As recently as October 2022 an interim government report into T-levels, introduced in 2020, noted the poor take up by employers in offering work experience and placement opportunities to students as a serious impediment to their success. The report said: “Providers of digital, construction, and health and science courses in particular were struggling to find employers.”

Burnham claimed that by closely working with businesses locally Greater Manchester could show a way to make T-levels work.
Councillor Eamonn O’Brien said a lack of technical skills within Greater Manchester’s workforce is holding business back. “With an integrated work and skills system, we can create a system that is resilient and flexible, adapting to meet employers’ needs in the rapidly changing 21st century world of work.

“We want to make sure that businesses want to invest and create good jobs in Greater Manchester, and that our residents have the best chance to access those new opportunities across the city-region. Our devolution proposals would play a big part in creating opportunity, addressing skills shortages and building Greater Manchester’s economy.”

Clive Memmott, Chief Executive of Greater Manchester Chamber of Commerce, said: “This is a very important initiative because technical education has been the poor relation to academic education in this country for far too long.

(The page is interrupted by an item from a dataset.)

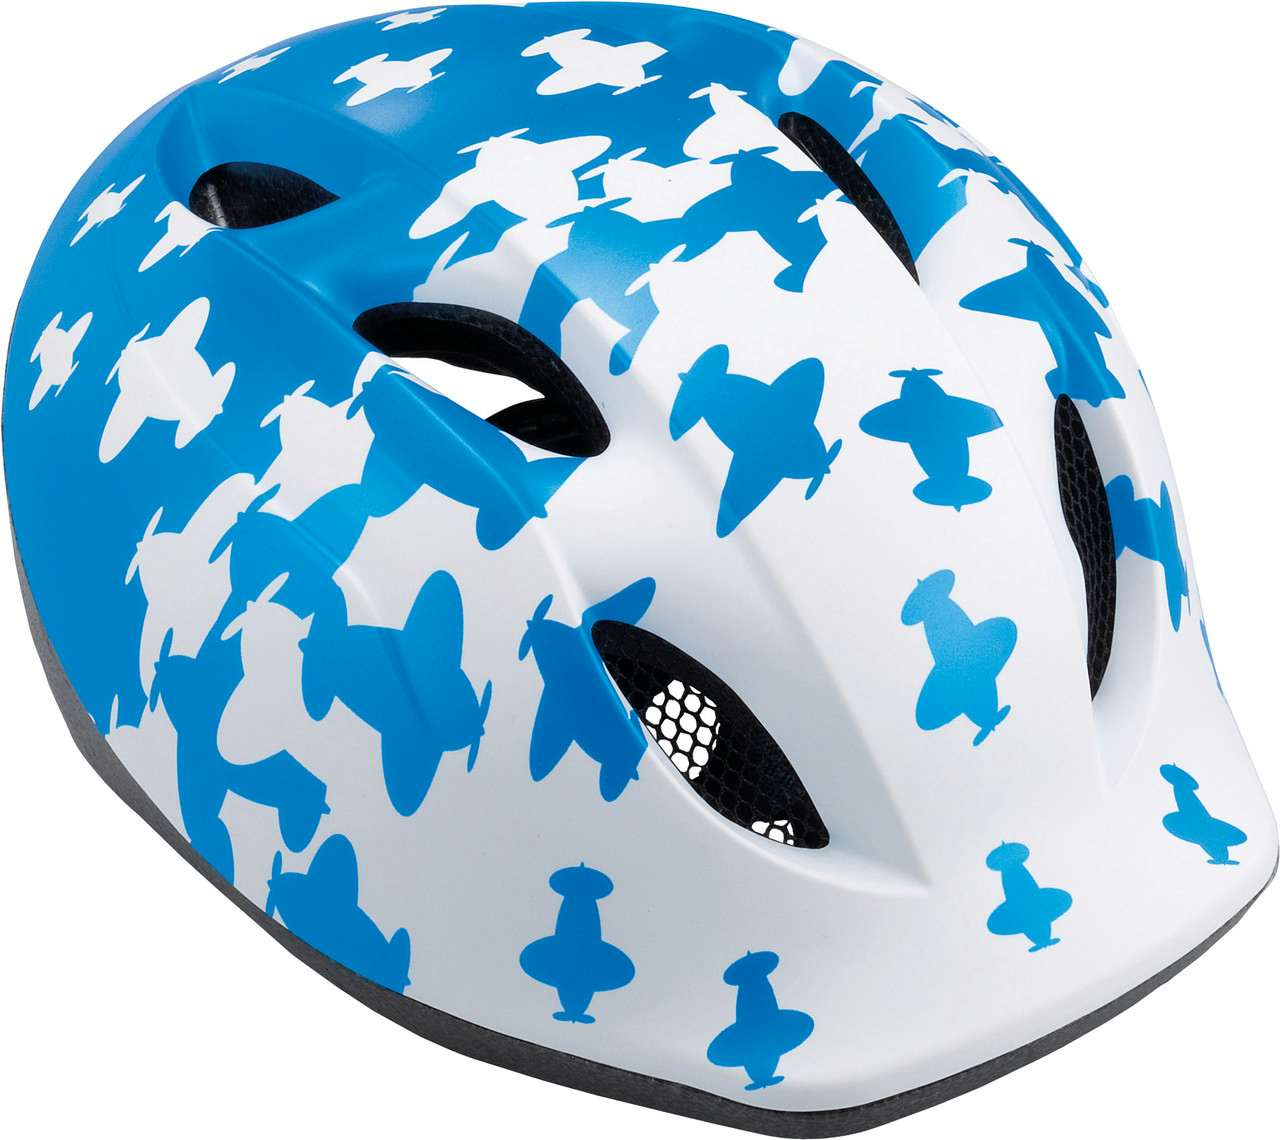 Super Buddy Helmet White/Blue Airplanes

Lisa O’Loughlin, Principal at Greater Manchester College, said the proposals had the potential for businesses to work with colleges on a local curriculum: “If Greater Manchester is to realise its full potential and develop a highly skilled workforce that drives economic growth it is vital that it is able to develop a best-in-class technical education system which connects people from across the region with the economic opportunities that are available to them. Key to this is enabling and encouraging employers to work in partnership with education providers across the region to ensure that curriculums are equipping learners with the skills that they will need in their workforce.

Greater Manchester’s trailblazer proposals on technical skills follow the devolution of the Adult Education Budget (AEB) which saw the city-region take on responsibility for adult skills back in August 2019, and GM Working Well (Work & Health Programme), part of a suite of employment support programmes that help people with health conditions to move towards/into sustained work.